DESCRIPTION (provided by applicant): The use of base analogs as effective antivirals, antimicrobials and anti-cancer agents is limited by their toxicity to the host organism. This toxicity is attributed to either poisoning of the regular nucleotide metabolism by inhibiting key enzymes or to hypermutagenesis. We have recently demonstrated that even natural base analogs uracil and hypoxanthine, that are not known to elicit any of the above consequences, are still genotoxic in E. coli because they induce chromosomal fragmentation. It turns out that chromosomal fragmentation is an important, though often ignored, consequence of the nucleotide pool imbalance and contamination with non-canonical DNA precursors. We propose to investigate the chromosomal consequences of nucleotide pool imbalance and contamination in the rdgB, dut, tdk and thyA mutants of E. coli guided by the following questions: 1) what are the modified DNA precursors in the nucleotide pools and modified bases in DNA? 2) What are the pathways of the modified DNA precursor synthesis and modified base repair? 3) What are the mechanisms of chromosomal fragmentation, caused by incorporation of the modified bases into DNA? To this end, we will use the following methods: 2-dimensional thin layer chromatography to detect modified DNA precursors, enzymatic excision with subsequent post-labeling to identify modified nucleotides in DNA; isolation of mutants synthetic lethal with the rdgB, tdk and dut genes to reveal cause-consequence-correction interactions between seemingly unlinked metabolic pathways; isolation of suppressors of synthetic lethalities with rdgB, tdk and dut inactivations to reveal the mechanisms behind the synthetic lethalities; determination of mutation spectra of the rdgB, tdk and dut mutants; pulsed-field gel electrophoresis to study mechanisms of the chromosomal fragmentation in these mutants. The proposed research will lead to a better understanding of the clastogenic potential of base analogs, as well as to elucidation of the chromosomal breakage-avoidance strategies of the cell.

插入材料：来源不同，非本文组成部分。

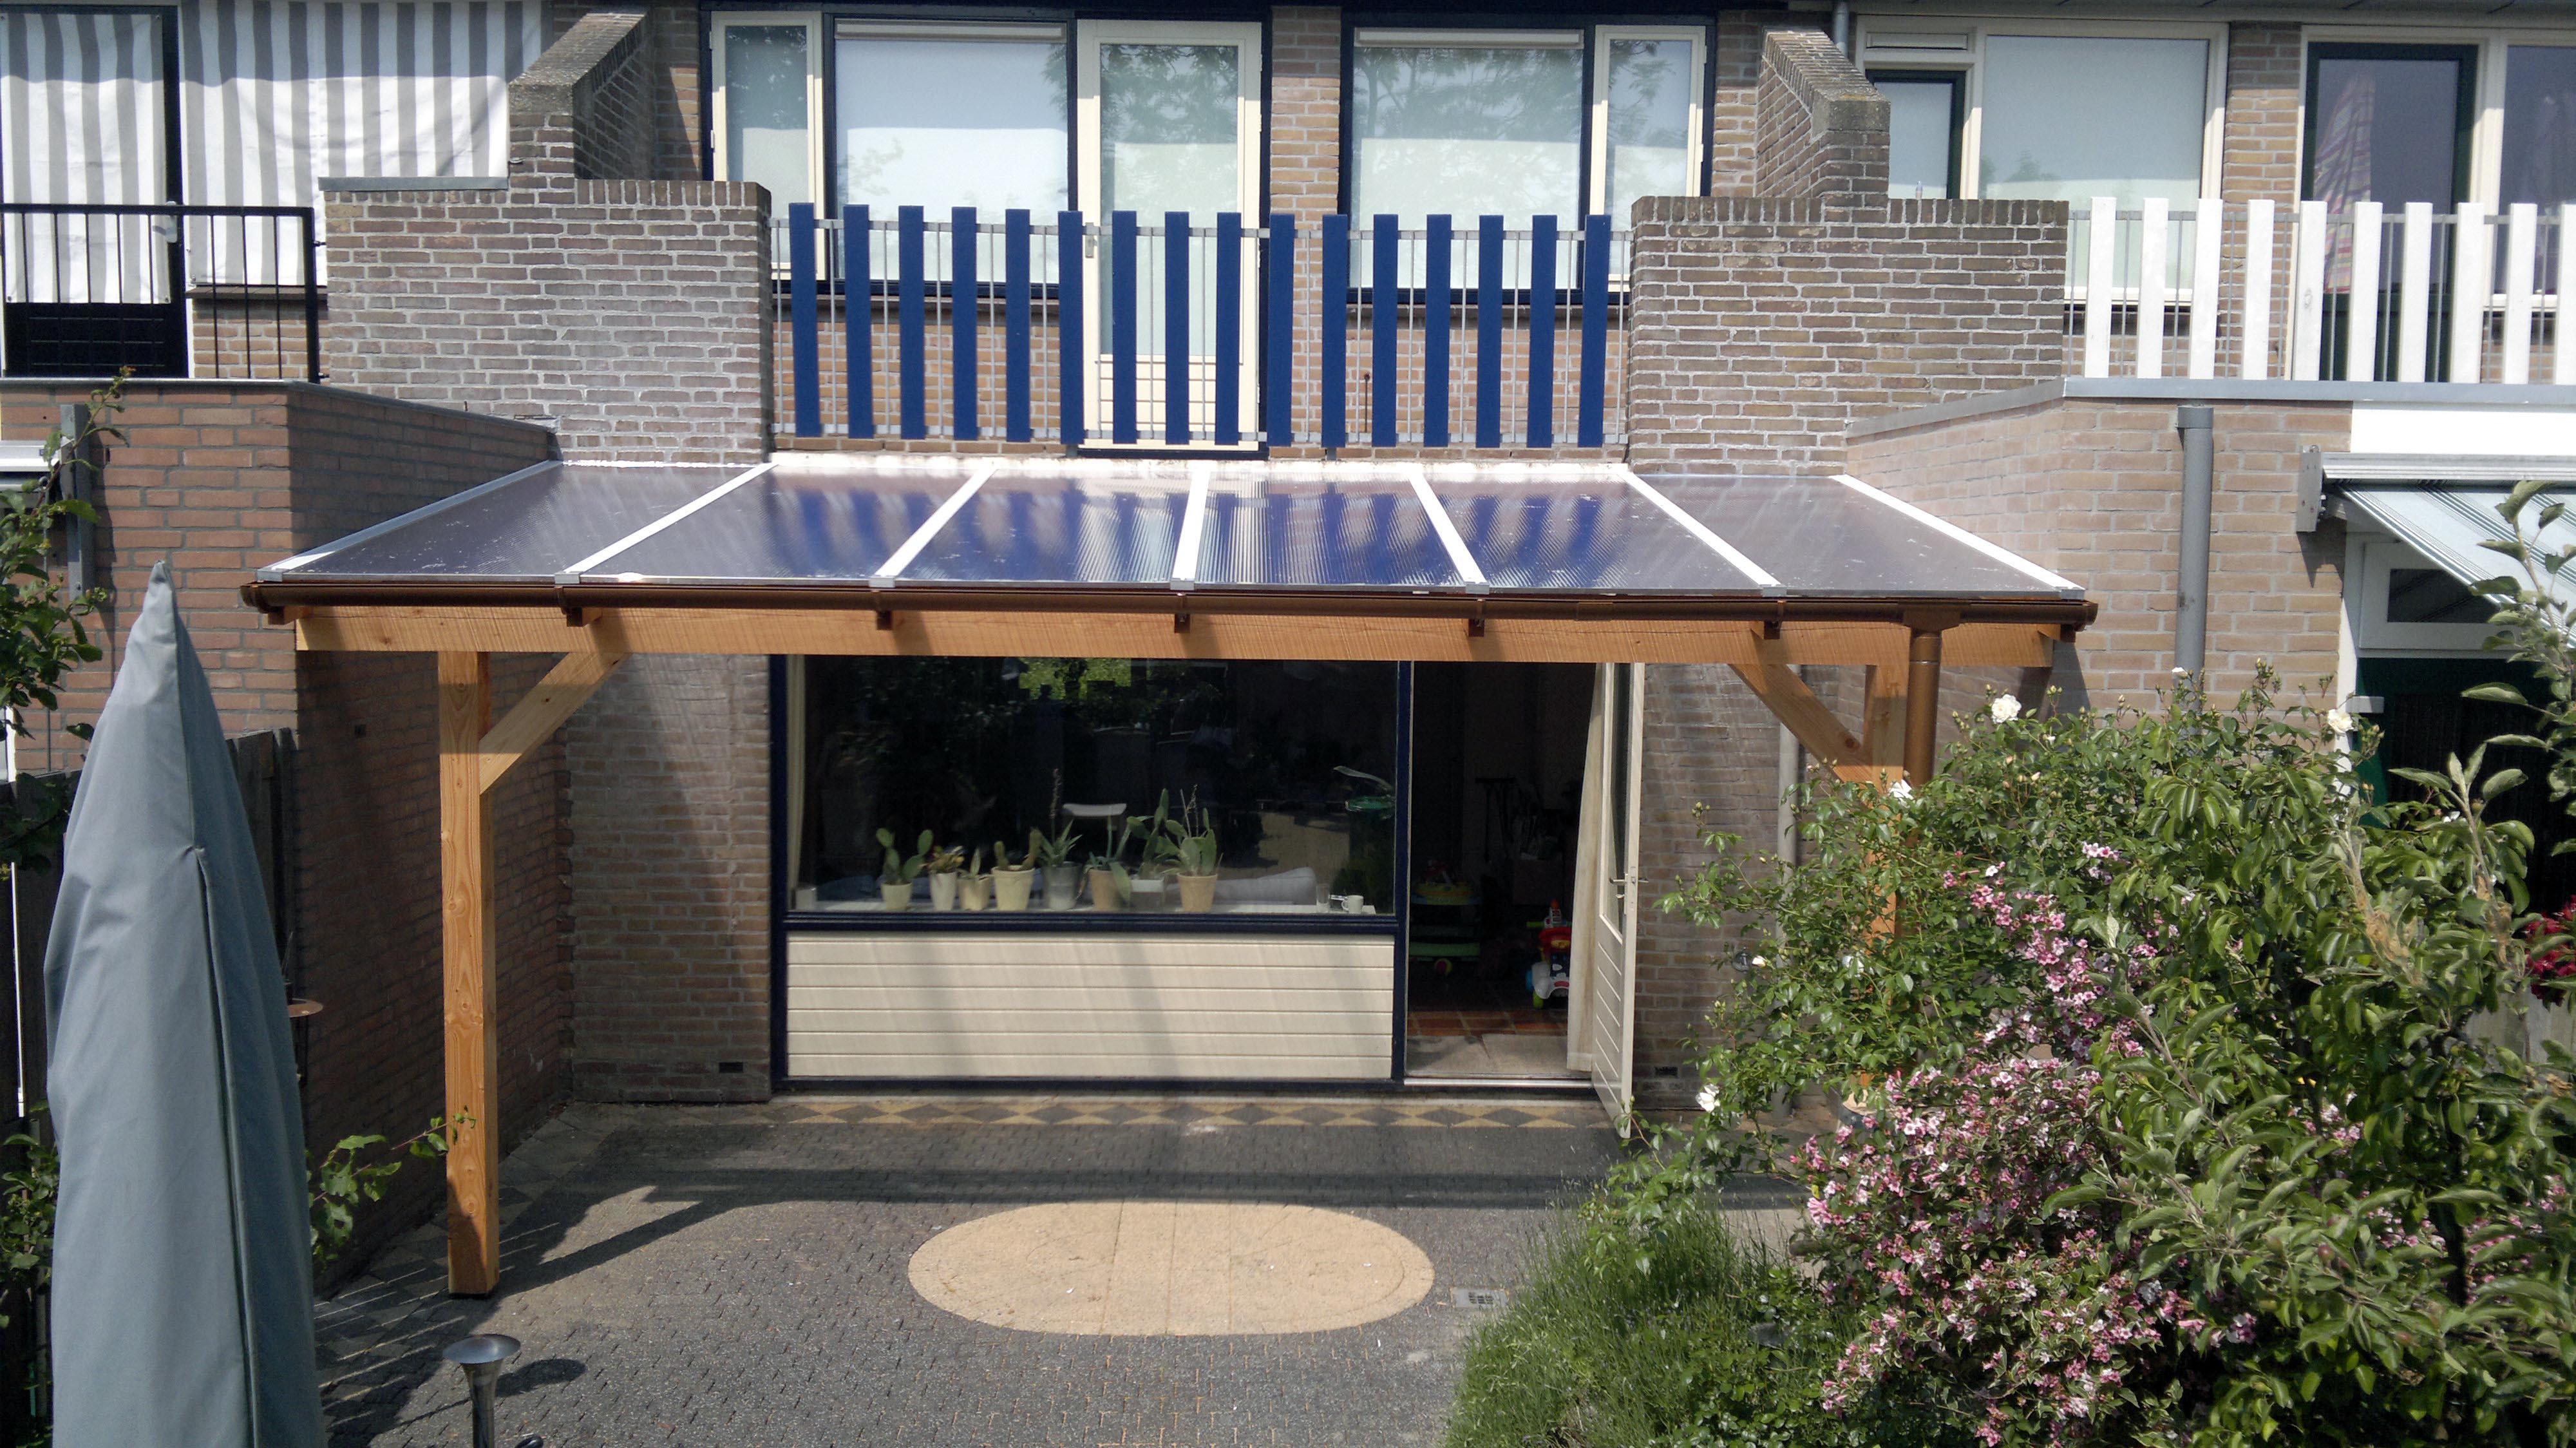 De meerwaarde van veranda plaza veranda plaza hier is alles veranda - Huis met veranda ...
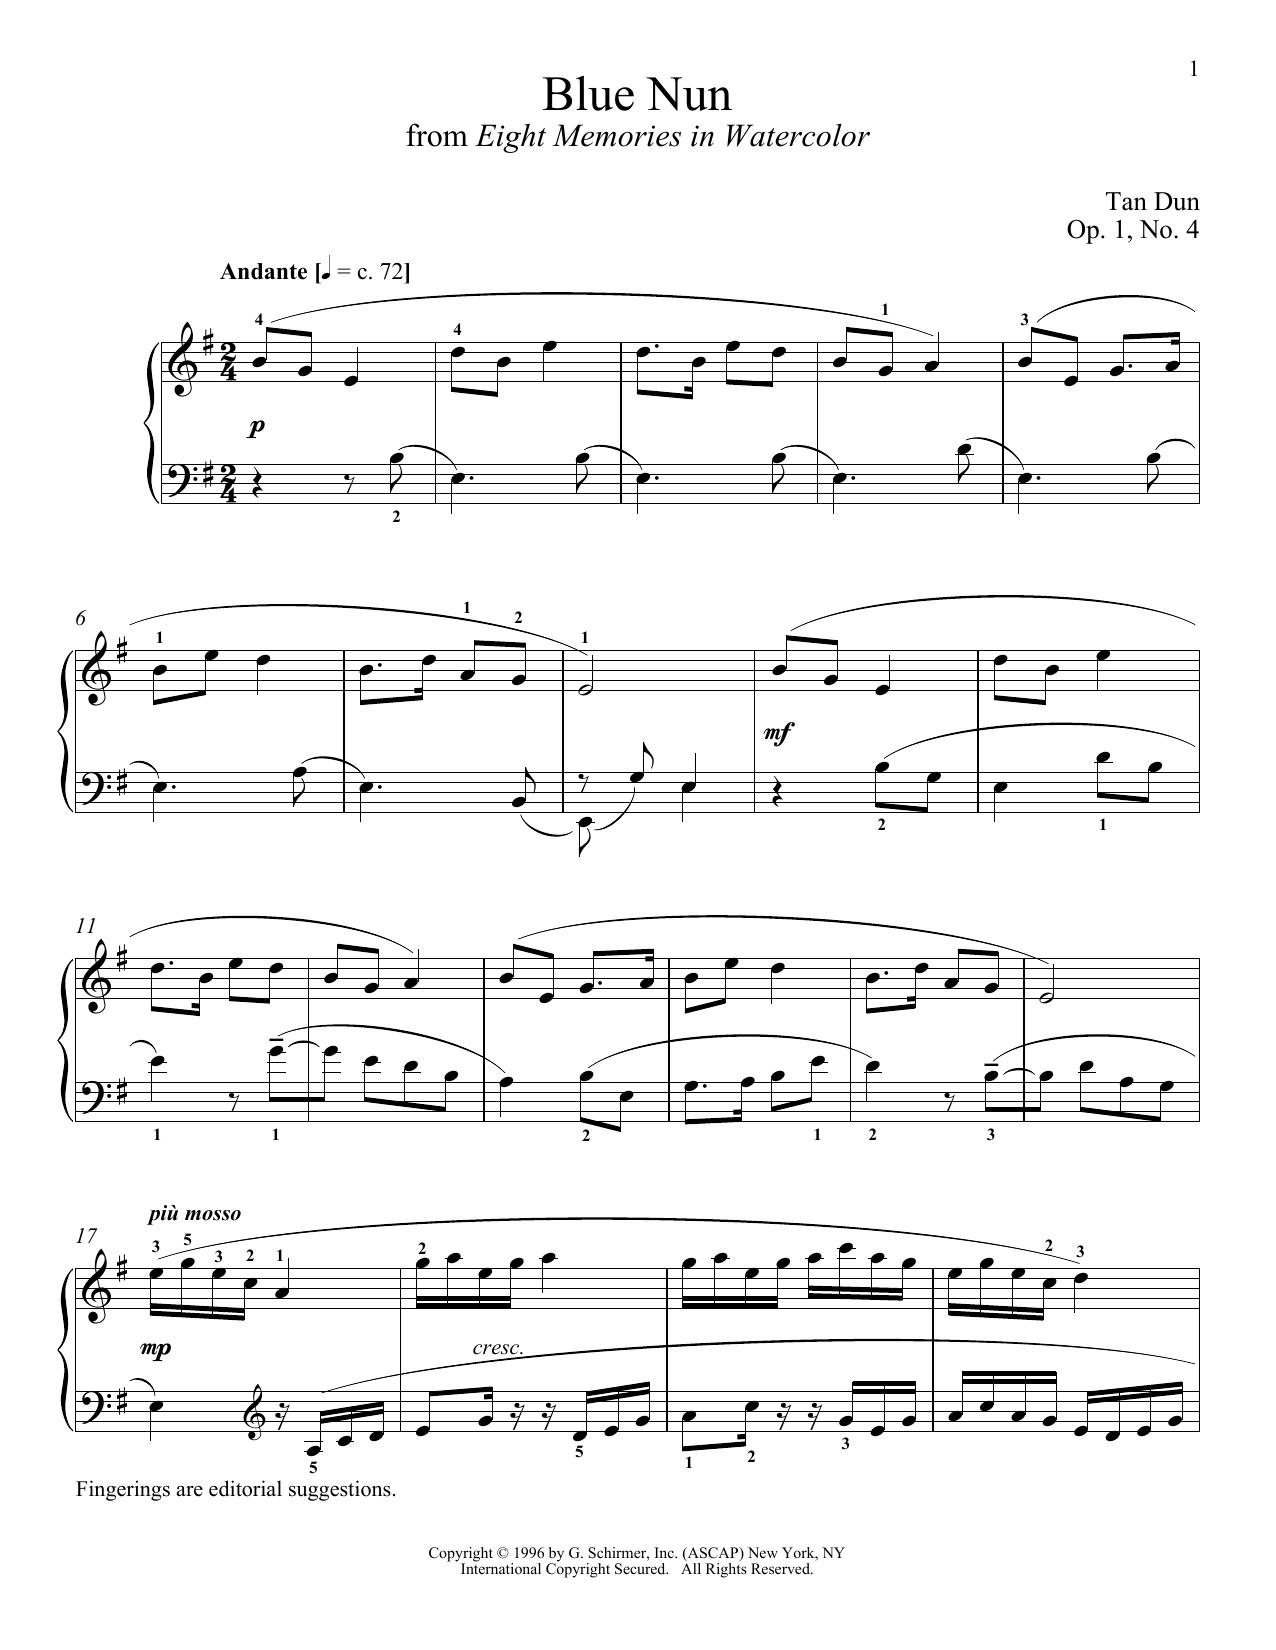 Tan Dun Blue Nun sheet music notes and chords

描述（由申请人提供）：碱类似物作为有效抗病毒药、抗微生物剂和抗癌剂的用途受到其对宿主生物体的毒性的限制。这种毒性归因于通过抑制关键酶或超诱变而使常规核苷酸代谢中毒。我们最近证明，即使是天然碱基类似物尿嘧啶和次黄嘌呤，这是不知道引起任何上述后果，仍然是遗传毒性的大肠杆菌。因为它们诱导染色体断裂。事实证明，染色体片段化是核苷酸库不平衡和非规范DNA前体污染的重要后果，尽管经常被忽视。我们建议研究大肠杆菌rdgB、dut、tdk和thyA突变体中核苷酸池不平衡和污染的染色体后果。1）核苷酸池中修饰的DNA前体和DNA中修饰的碱基是什么？2)修饰的DNA前体合成和修饰的碱基修复的途径是什么？3)染色体断裂的机制是什么？是由修饰的碱基结合到DNA中引起的？为此，我们将使用以下方法：二维薄层色谱法检测修饰的DNA前体，酶切和随后的后标记以鉴定DNA中修饰的核苷酸;分离与rdgB、tdk和dut基因合成致死的突变体以揭示看似不相关的代谢途径之间的因果校正相互作用;分离具有rdgB、tdk和dut失活的合成致死性的抑制子，以揭示合成致死性背后的机制;测定rdgB、tdk和dut突变体的突变谱;脉冲场凝胶电泳研究这些突变体的染色体断裂机制。拟议的研究将导致更好地了解碱基类似物的致染色体断裂潜力，以及阐明细胞的染色体断裂避免策略。